Tuesday, January 20, 2009

On Morality

(Editors Note: I am in the process of writing a trial sermon on anti-racism, for no purpose other than some disappointment over the anti-racism sermon at FUUNO last Sunday. In the meantime, I have this piece, which was a response to a friend asking on Facebook how one would define morality. He asked us to define it in the context of a lecture, but one that did not exceed 500 words. I did this, and realized that Facebook is not the appropriate place for such at-length musings, but my blog is. So, here you go. 500 words on morality.)

Morality is one of those wonderfully vague concepts, nestled somewhere between honor and ethics, under the category of justice and in the general area of human interactions. I'm tempted to quote Confucius, about how everything flows from everything being in proper order and circumstance, but morality isn't a fixed set or rigid code to be applied in all situations. It isn't really rigid in execution - this is not channeling Machiavelli so much as it is acknowledging that, in the whole of human experience, internal principles matter only so long as they can be consistently applied to varying circumstances. Coming from a religious tradition where reason predominates, dogma is shunned, and the genuinely unanswerable is acknowledged as such, morality seems to me to be the exact point at which justice, personal philosophy, and social norms collide. Morality varies from person to person, moreso from culture to culture, and yet it circles around a platonic absolute.

What is that absolute? Far as I can tell, it is the way to interact with an other, and with any other, and with every other, that is not just straightforward but honors notions of inherent dignity and respect. Of course, we have as always the bugbears of outliers to confound everything - how does on respect the inherent dignity of, say, a child molester? The reply that seems most appropriate, that is the easiest best fit, is that one acts with ones inherent dignity, using the capacity as not-a-child-molester to figure out justice for that individual who has broken rules of both society and morality. And yet, that perspective, acting civilized in the face of acts deemed barbaric, is not enough - too much of that is defaulting to an ingroup/outgroup, and us/them, an acceptable/other perspective. That ignores the relational aspects of this - it is Balder being the god of justice, but largely ignored because he has only kindness and no judgment. And this cannot be the reaction of a vigilante - Rorschach, for all his power as a punisher of wrongdoing, has no capacity to act as a righter of wrongs. In this situation, as in every situation, to act with morality is to acknowledge the harm done, and to work towards a future where such harm is not done again. To not just rehabilitate the individual, but to better engineer the structure of the individuals environment, of the environment of all individuals, so that one can move as quickly as humanly possible to rectify a situation while still respecting the rights of all innocents.

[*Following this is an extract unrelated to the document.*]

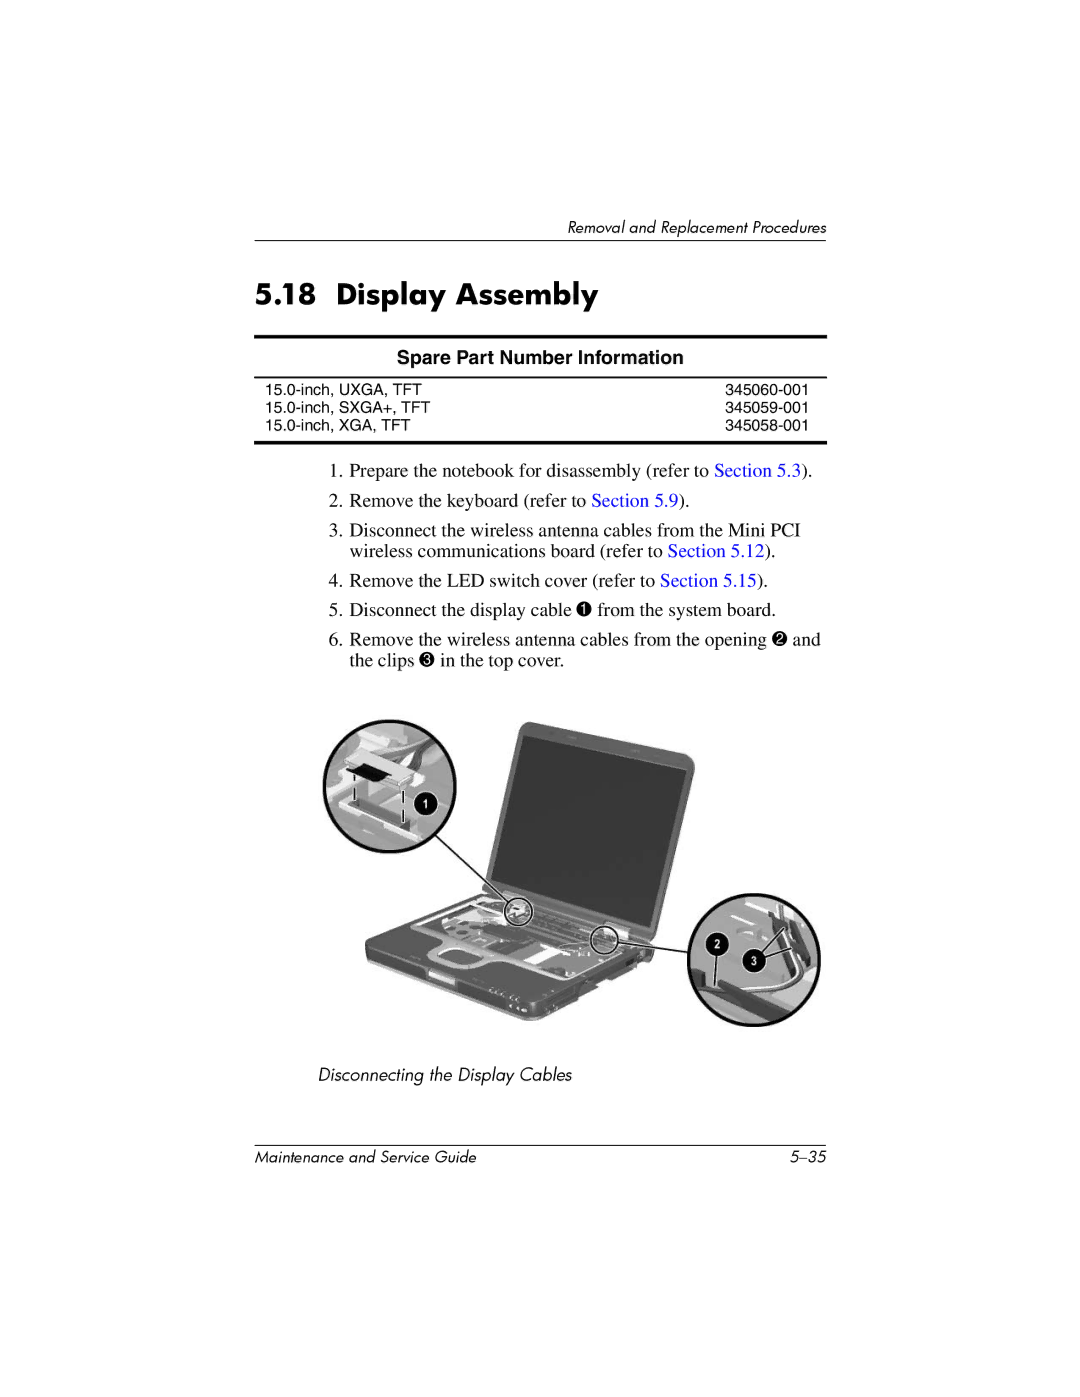 HP nw8000 manual Display Assembly 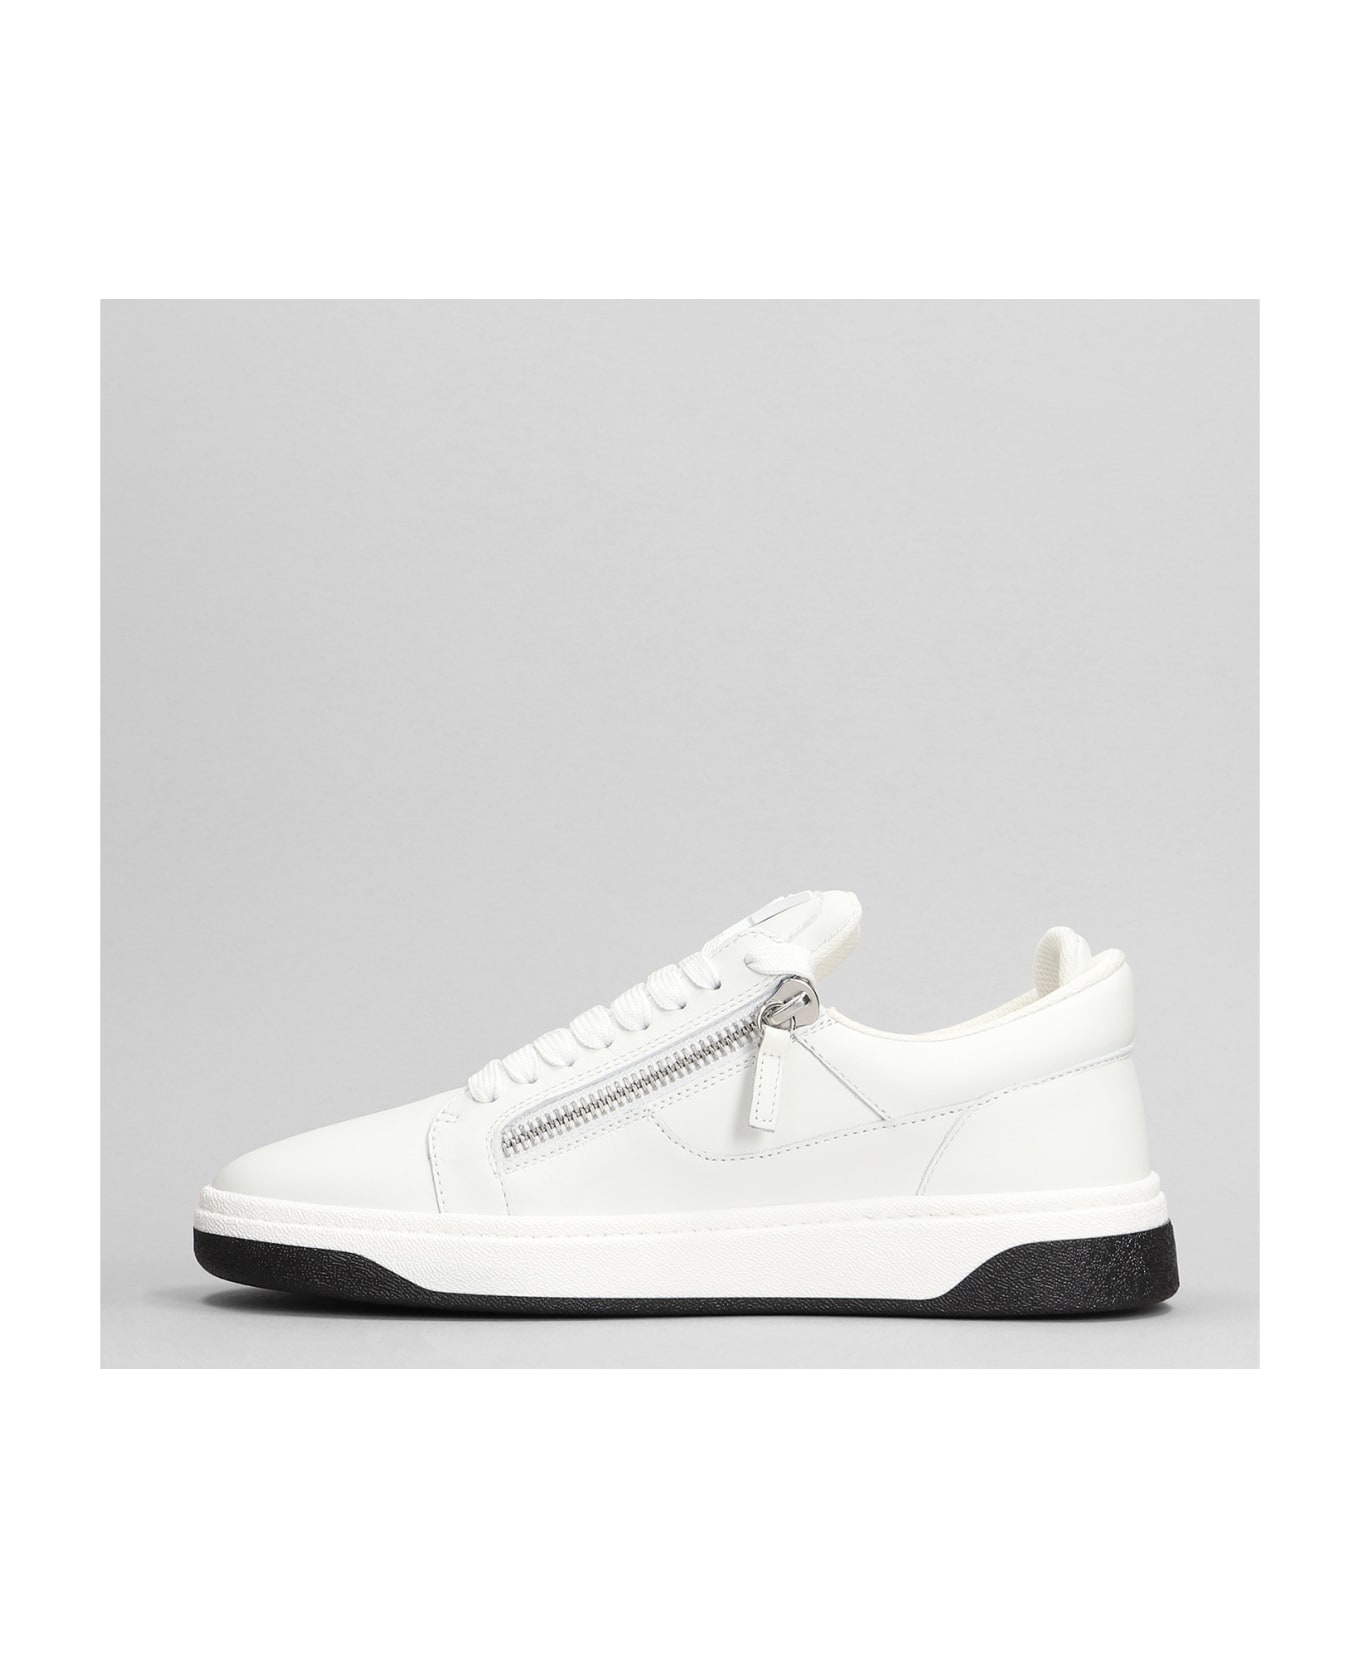 Giuseppe Zanotti Gz94 Sneakers In White Leather - white スニーカー

I've been talking a lot about justice. It is what I deem the most important constituent part of morality, but it is far from alone. Justice in isolation is how a society regulates it's internal functioning - morality is how individuals within society function together in a manner that respects justice. More importantly, it is the way that individuals interact with one another without the need for society to do any more than be composed of individuals.